═════ Material for the task ═════

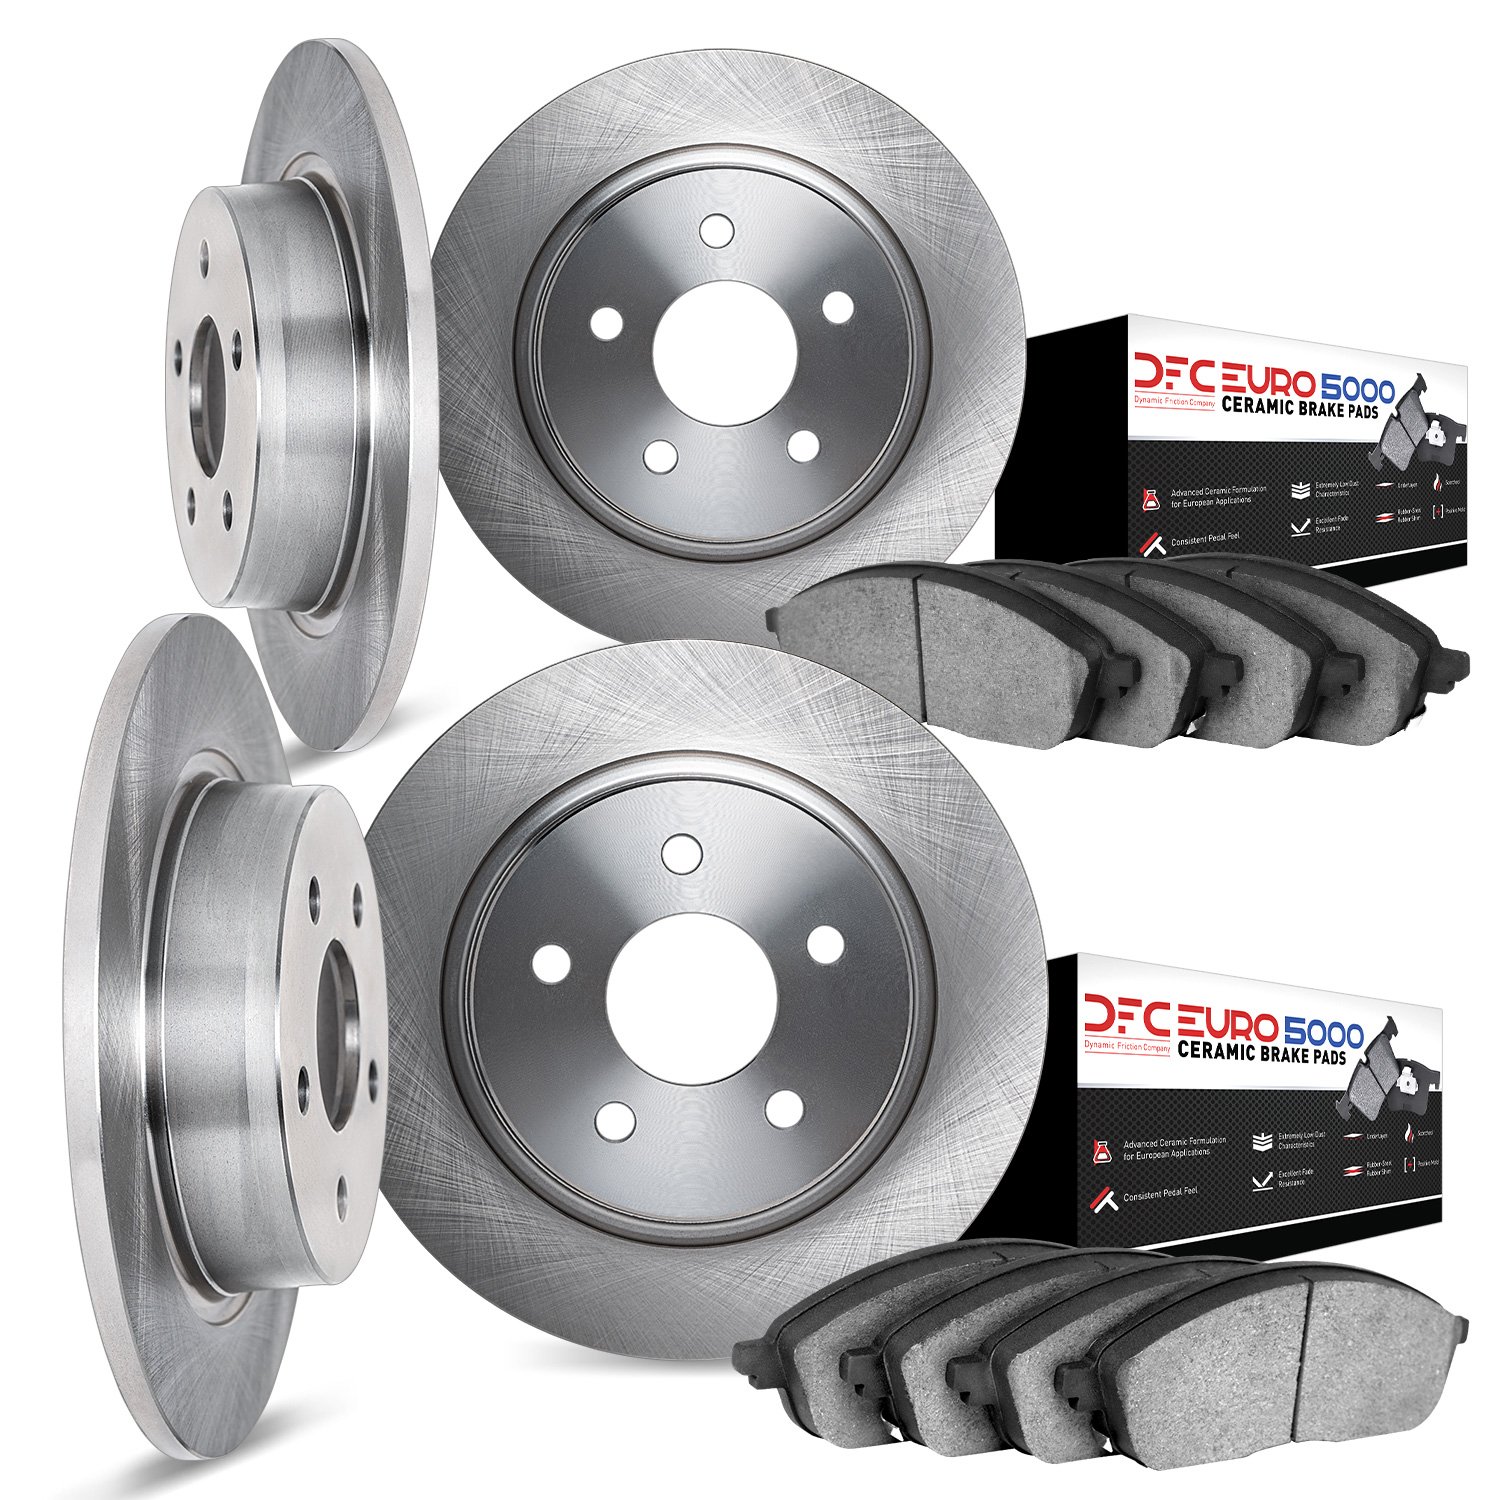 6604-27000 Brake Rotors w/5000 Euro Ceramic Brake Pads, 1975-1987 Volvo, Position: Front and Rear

═════
═════ Material for the task ═════

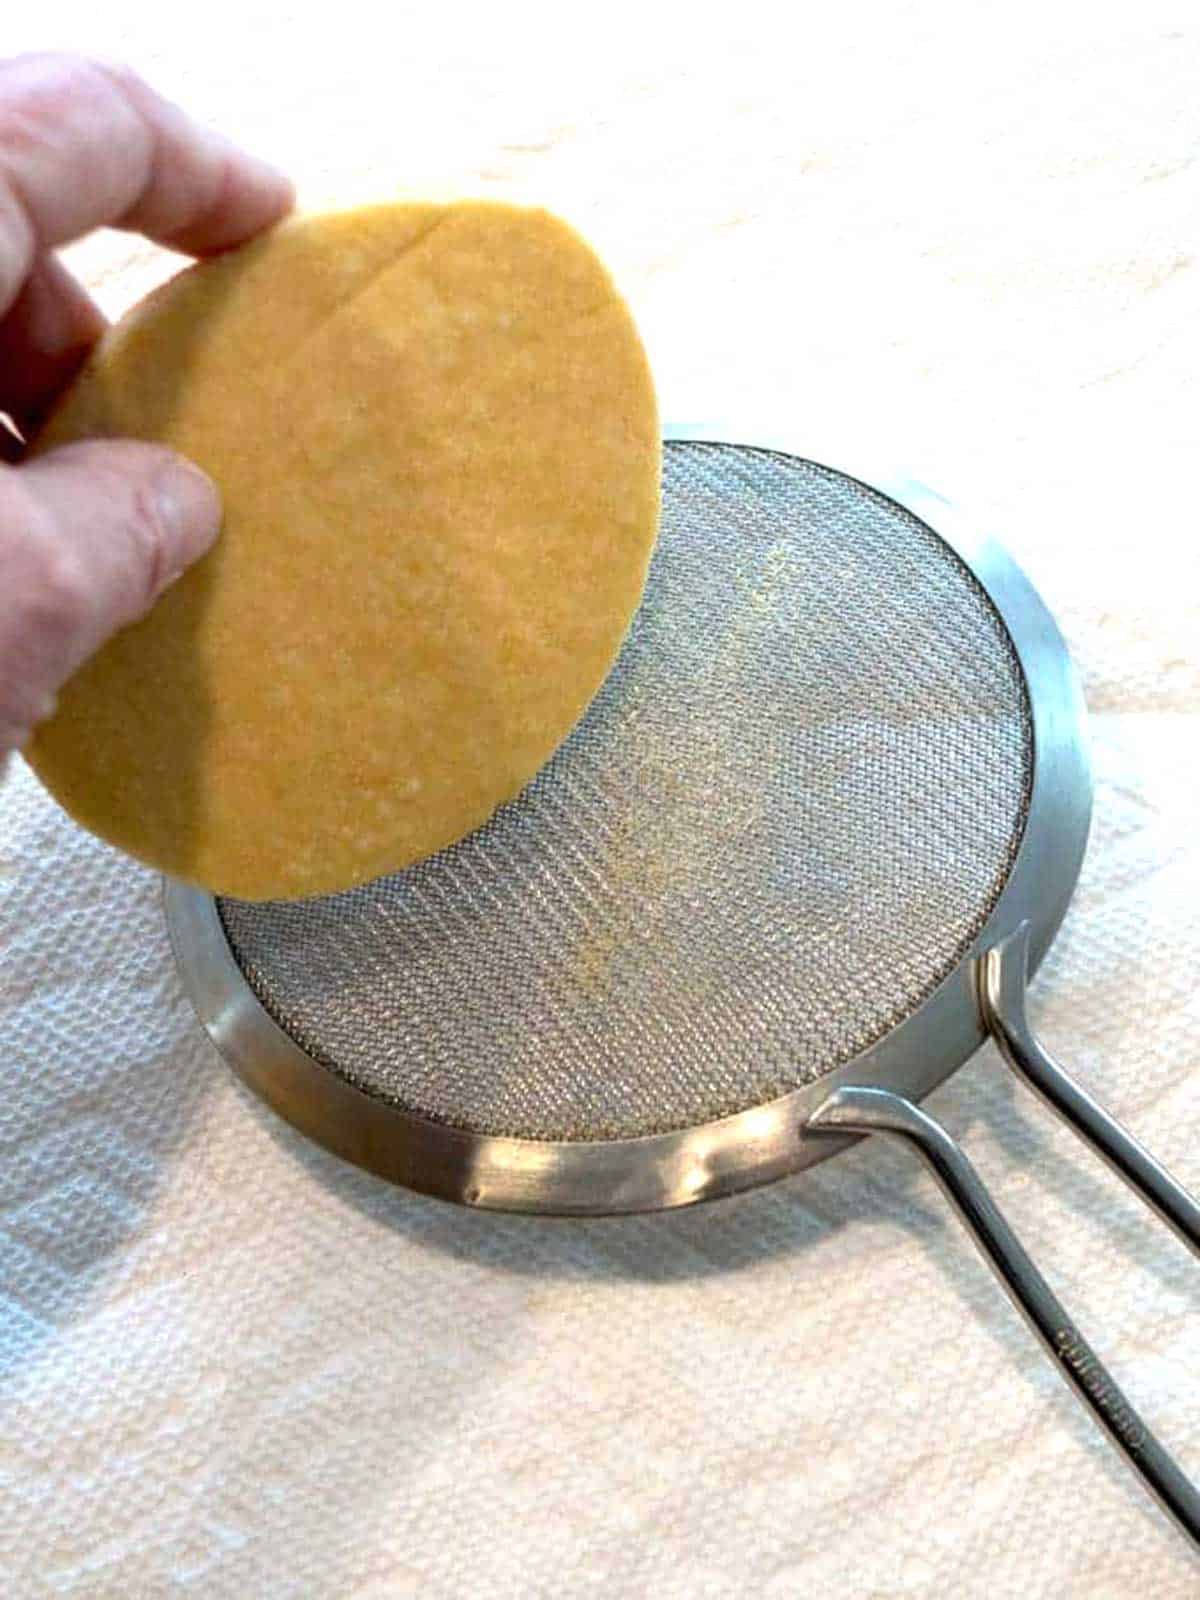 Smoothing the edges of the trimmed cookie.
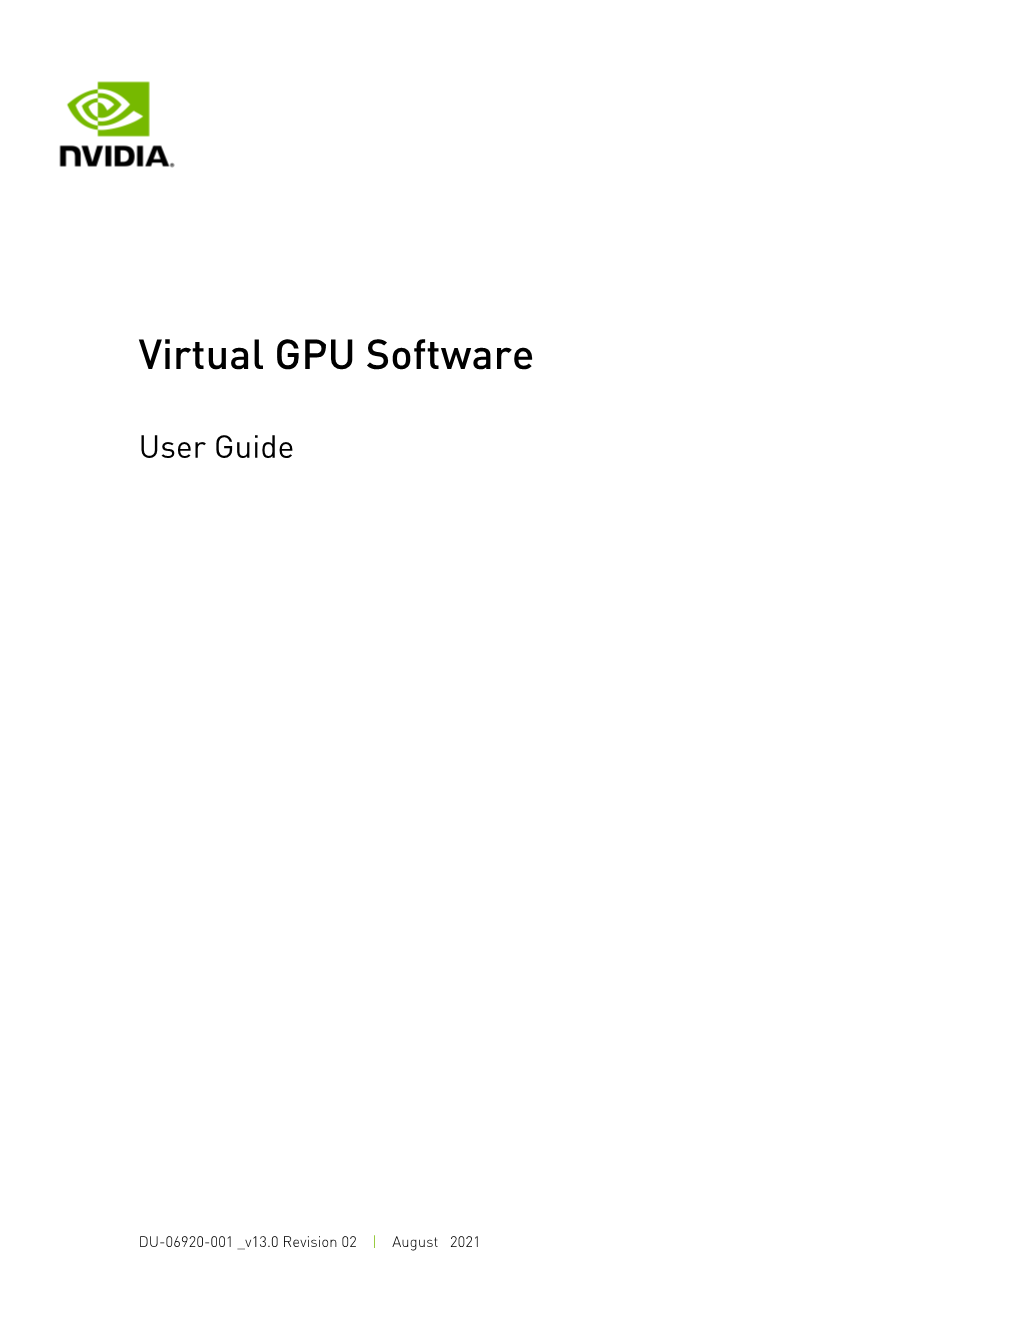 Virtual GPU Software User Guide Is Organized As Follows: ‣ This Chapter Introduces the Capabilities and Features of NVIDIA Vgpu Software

═════
═════ Material for the task ═════

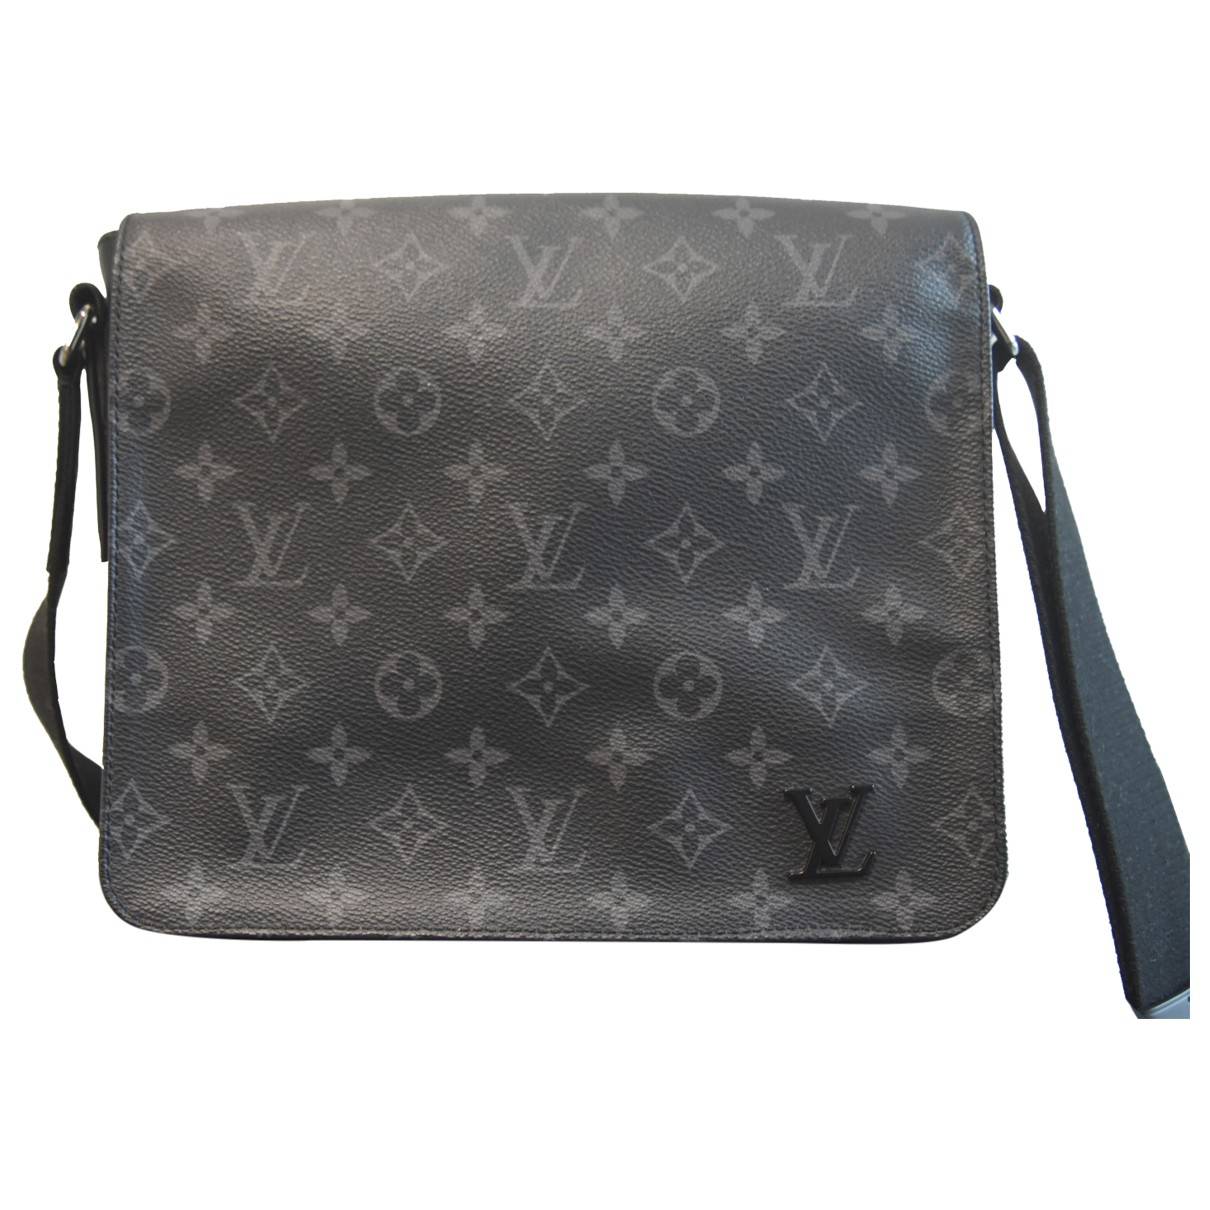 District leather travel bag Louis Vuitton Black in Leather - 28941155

═════

Within the material above, find the part that opens with the line containing "Smoothing the edges of the trimmed cookie." and closes with the line containing "Virtual GPU Software", and reproduce it exactly without the pictures.

 Smoothing the edges of the trimmed cookie.
 Virtual GPU Software User Guide Is Organized As Follows: ‣ This Chapter Introduces the Capabilities and Features of NVIDIA Vgpu Software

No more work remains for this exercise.